From $0.50 / 1,000 comments — Scrape every comment, reply, like count, and author profile from any YouTube video at scale. The easiest way to extract structured YouTube comment data without an API key or login.
Built for youtube.com — the world's largest video platform with over 2.7 billion monthly active users and billions of comments generated daily.
Search by video URL, sort by top or newest, and control volume with max comments per video. Returns structured data with 17 fields per comment including text, likes, author profile, timestamps, and video metadata. Up to unlimited comments per run. No login required. No API key needed.
🚀 Features
- 🎯 Video URL input — Provide one or hundreds of YouTube video URLs. The actor processes them all in a single run, no batching needed.
- ⬆️⬇️ Sort by Top or Newest — Choose between the highest-engaged comments or the most recent discussion. Critical for sentiment analysis vs. real-time monitoring use cases.

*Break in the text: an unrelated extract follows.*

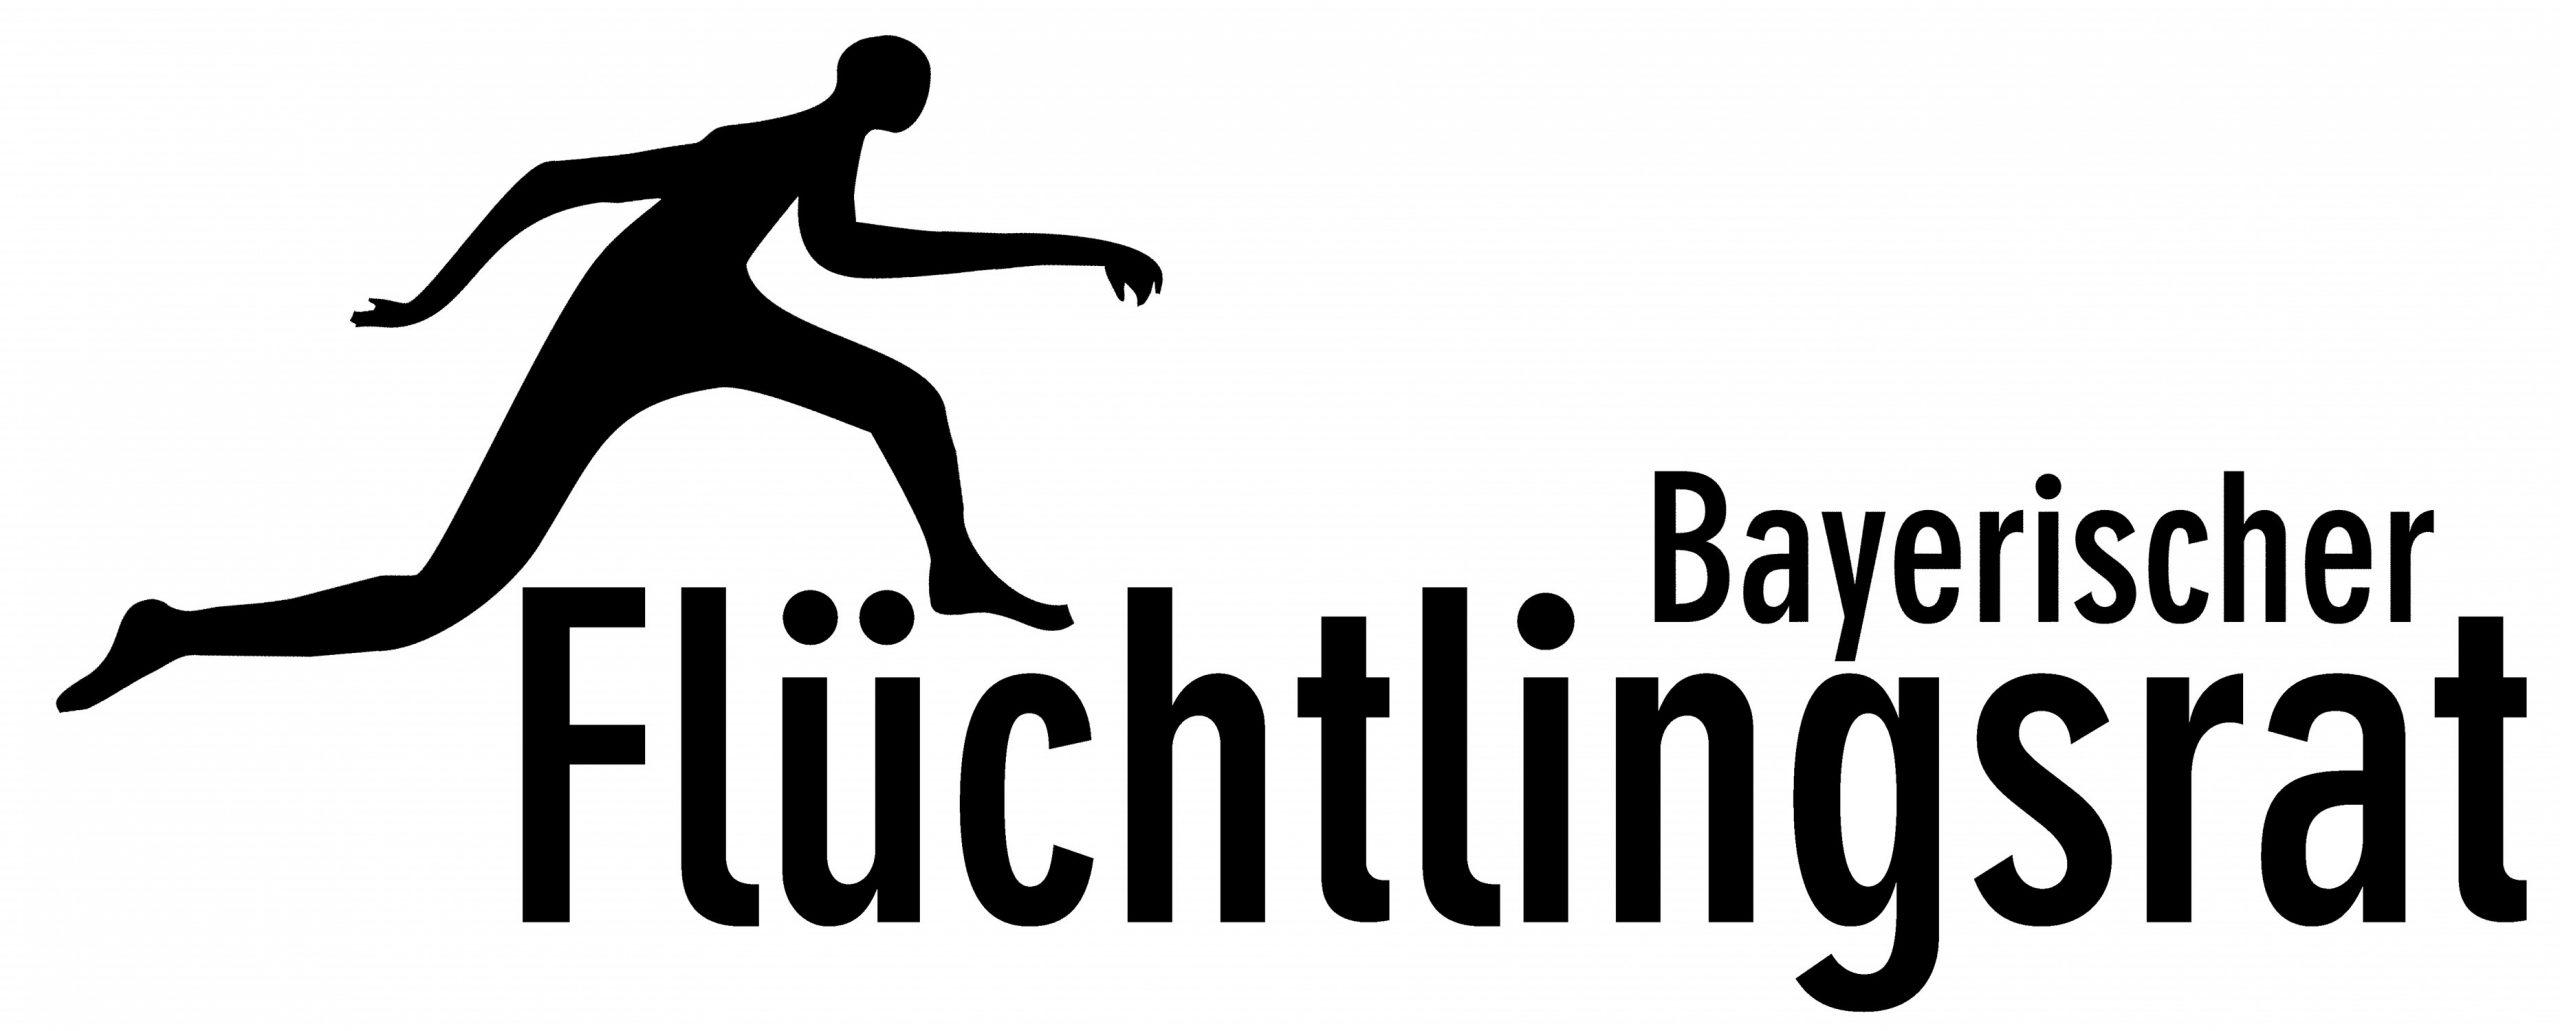 Bayerischer Flüchtlingsrat

- 🎛️ Configurable comment limit — Set a maximum per video (e.g. 100, 500, 1000) or pass
0to scrape every single comment, even on videos with millions. - 🔄 Auto-pagination — The actor automatically follows pagination across all comment threads and reply chains. No manual page clicking or cursor handling required.
- 🛡️ Residential proxy support — Uses Apify's residential proxy network to avoid rate limits and IP blocking during large-scale extractions.
- 📋 17-field structured output — Every comment returns text, like count, author ID, author name, author thumbnail, author URL, verified status, uploader badge, favorited status, timestamp (Unix + human-readable), parent comment ID, comment ID, video ID, video URL, and video title.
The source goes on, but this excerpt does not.